According to Ventana Research, by 2025, 66% of finance and accounting departments will be able to close their quarterly books in six business days thanks to technology — that’s double the number of businesses that can do that today. Implementing an automated billing system shortens time to cash, especially as billing becomes more complicated.

Traditional billing solutions are not designed to easily accommodate new offerings, pricing or testing, which can cause delays in going to market with new offerings and finding the right pricing for existing offerings, delaying revenue and cash once again.

Trying to expand into new markets without billing automation can also delay revenue. For example, if your payment options are limited, you can’t accommodate transactions in markets where credit card and ACH use are less common. It also makes handling exchange rates, transaction fees and settlement more difficult.

Then, there can be delays with collections. Many well-established billing automation systems lack collections and dunning capabilities. That means manual support for collections and aging accounts receivables.

By applying quality renewal management practices using automation, businesses can reduce churn while improving cash flow. Automation optimizes renewals and upgrades as well as collections and dunning. For example, rather than having failed transactions go unpaid, payment retries keep accounts current and prevent involuntary churn. Many unpaid invoices are due to a simple error rather than an unwillingness to pay, so automated dunning makes it easier and faster to make accounts current without jeopardizing customer experience. Using automation, it’s also easier to differentiate between different types of customers, using risk scoring coupled with payment method type to guide dunning, payment retries and collections practices.

Automation Challenges

Of course, automating complex billing isn’t as simple as it sounds. It requires a clear vision of your business goals and objectives and an understanding of your agile monetization goals.
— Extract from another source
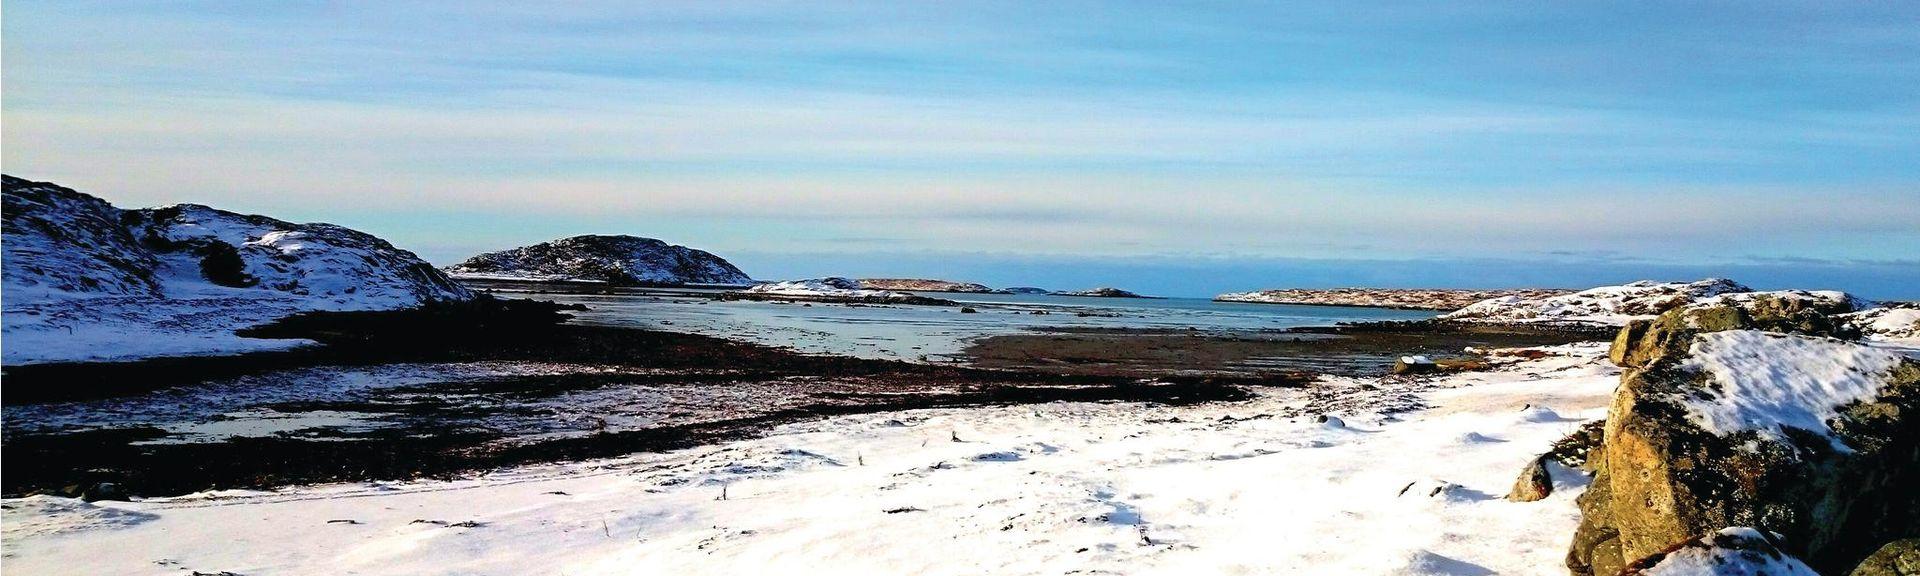 Lysøysundet, Norway

Too many organizations tackle automation projects as technology deployments. Maintaining an agile, automated billing system is a strategic business advantage, and it needs to be sponsored by senior business financial managers with backing from IT. To be successful, you need a senior-level sponsor from accounting or finance with a clear understanding of business goals such as:

Supporting recurring revenue streams.

Enabling new business models, new products and new markets.

Streamlining billing and accounting workflows.

Creating more visibility into billing and financials.

Shortening time to cash

Integrating billing systems with other business processes is an essential part of billing success. For example, product managers may be responsible for pricing goods and services based on different factors. Those factors may change over time, which means changes in pricing. Without integration, those changes have to be managed manually, which means more room for errors resulting in billing miscalculations.

One of the most common errors in any billing system is missing or erroneous data. Inaccurate or missing contact information can mean invoices are lost or never are delivered. There are recurring invoice mistakes, such as incorrect pricing, taxation or calculations, missing due dates and other errors.

Integration with ERP and CRM systems can help eliminate these errors, and general ledger integration is critical for tracking payments and revenue recognition. That’s part of the reason more organizations are standardizing on cloud-hosted financial and billing systems that can integrate with the other components of a native digital front and back office.

Cash flow is the lifeblood of your business, and one of the best ways to optimize cash flow is by automating the order-to-cash process. Not only does billing automation shorten time to invoices and collections, but it also guarantees the billing accuracy you need to run your business. Most importantly, it lays the foundation for business growth in an increasingly digital world.